A 401k plan is an employee sponsored retirement plan that allows for participants, to make pre-tax contributions to their plan. 401k plan contributions are normally deducted automatically for each employee, every time the employee gets paid. By pre-tax contribution we mean that the money is taken out of the salary, before the salary is taxed.
The money contributed is then invested in one or more funds that are provided by the plan, always at the employee’s direction. Employers will normally ‘match’ the amount that the employee is paying, but in reality an employer is not bound by law to do so.
Over time, the contributions that are saved up in investments are meant to gradually grow, and the contributor is not liable for tax on this growth.
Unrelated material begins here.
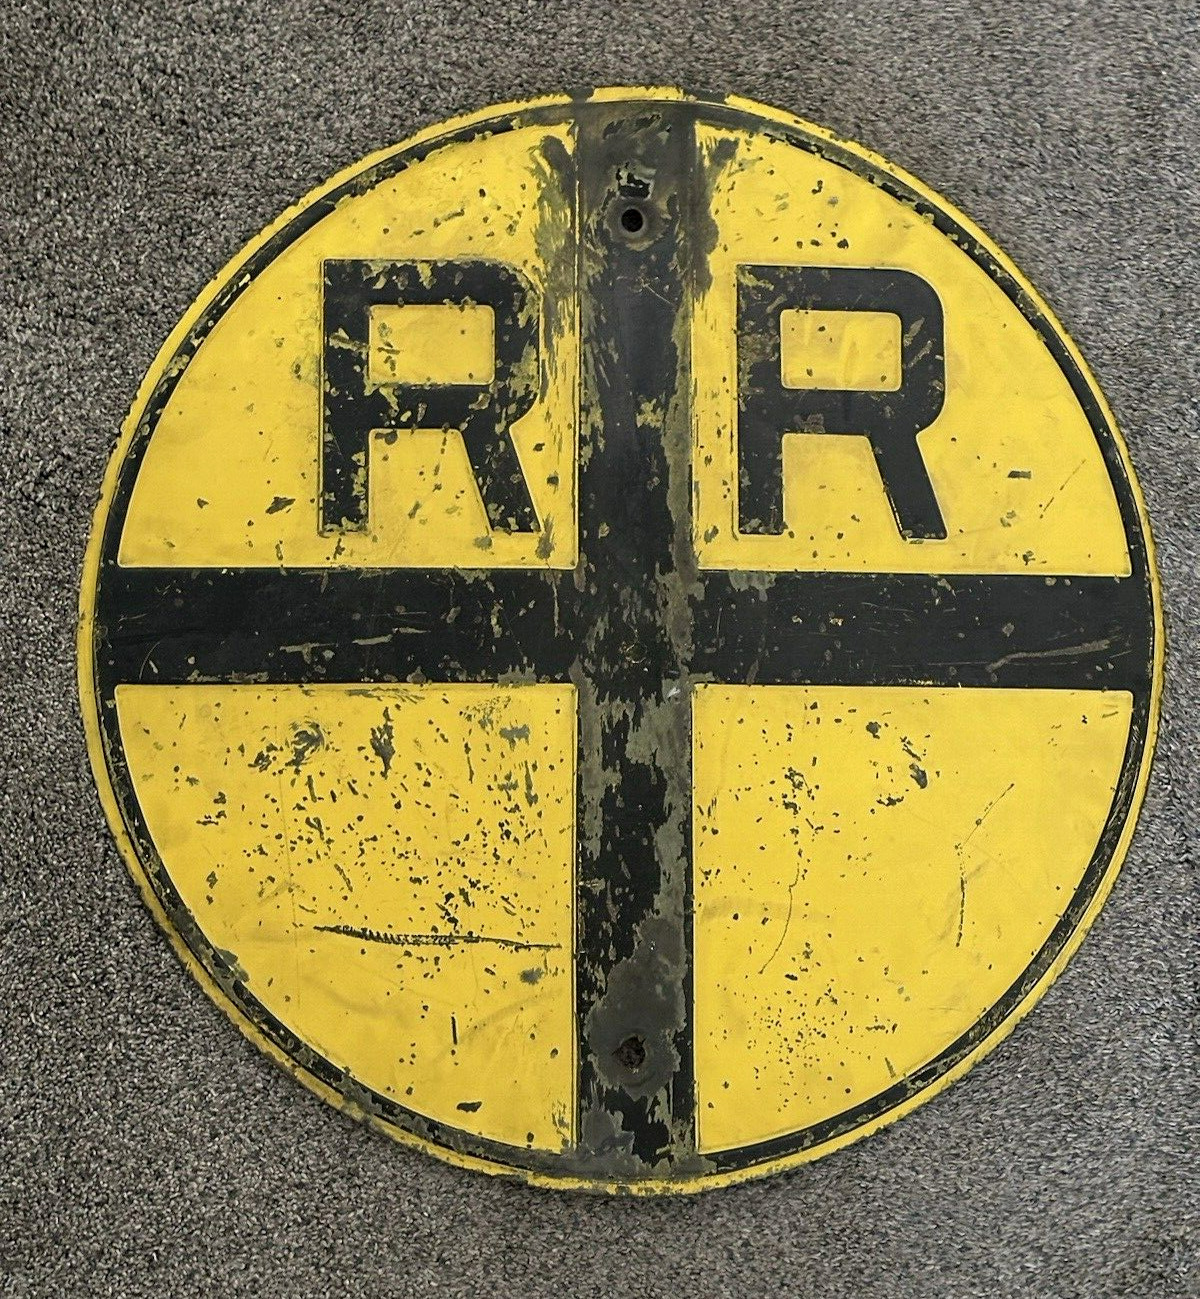 Authentic STEEL EMBOSSED Street Road SIGN  R/R Railroad Crossing HEAVY METAL

401k plans do offer other advantages to their participants, such as:
• Any business from corporations to self employed individuals may have a plan.
• The company is eligible to set the requirements upon establishment of the plan.
• Employers have the right to restrict individuals like new employees from being eligible.
• Contributions come from voluntary participant’s salary reduction and may be matched by employer.
• An individual could in 2008, defer up to $15,500 of his salary or 10% of his salary, whichever is the least.
• Participants aged over 50, may do contributions of $5000 as catch up payments.
• Withdrawals from employees aged 59.5 or younger, may be penalized.
• Employers are not obliged to match the employees’ payments.
• You may choose to have an internet plan.
• There are on average 15 investment choices.
• Loans can be taken from the plan, and also hardship withdrawals.
• The employer may receive some tax benefits if he matches his employees’ contributions.
• The plan is subject to unfairness testing.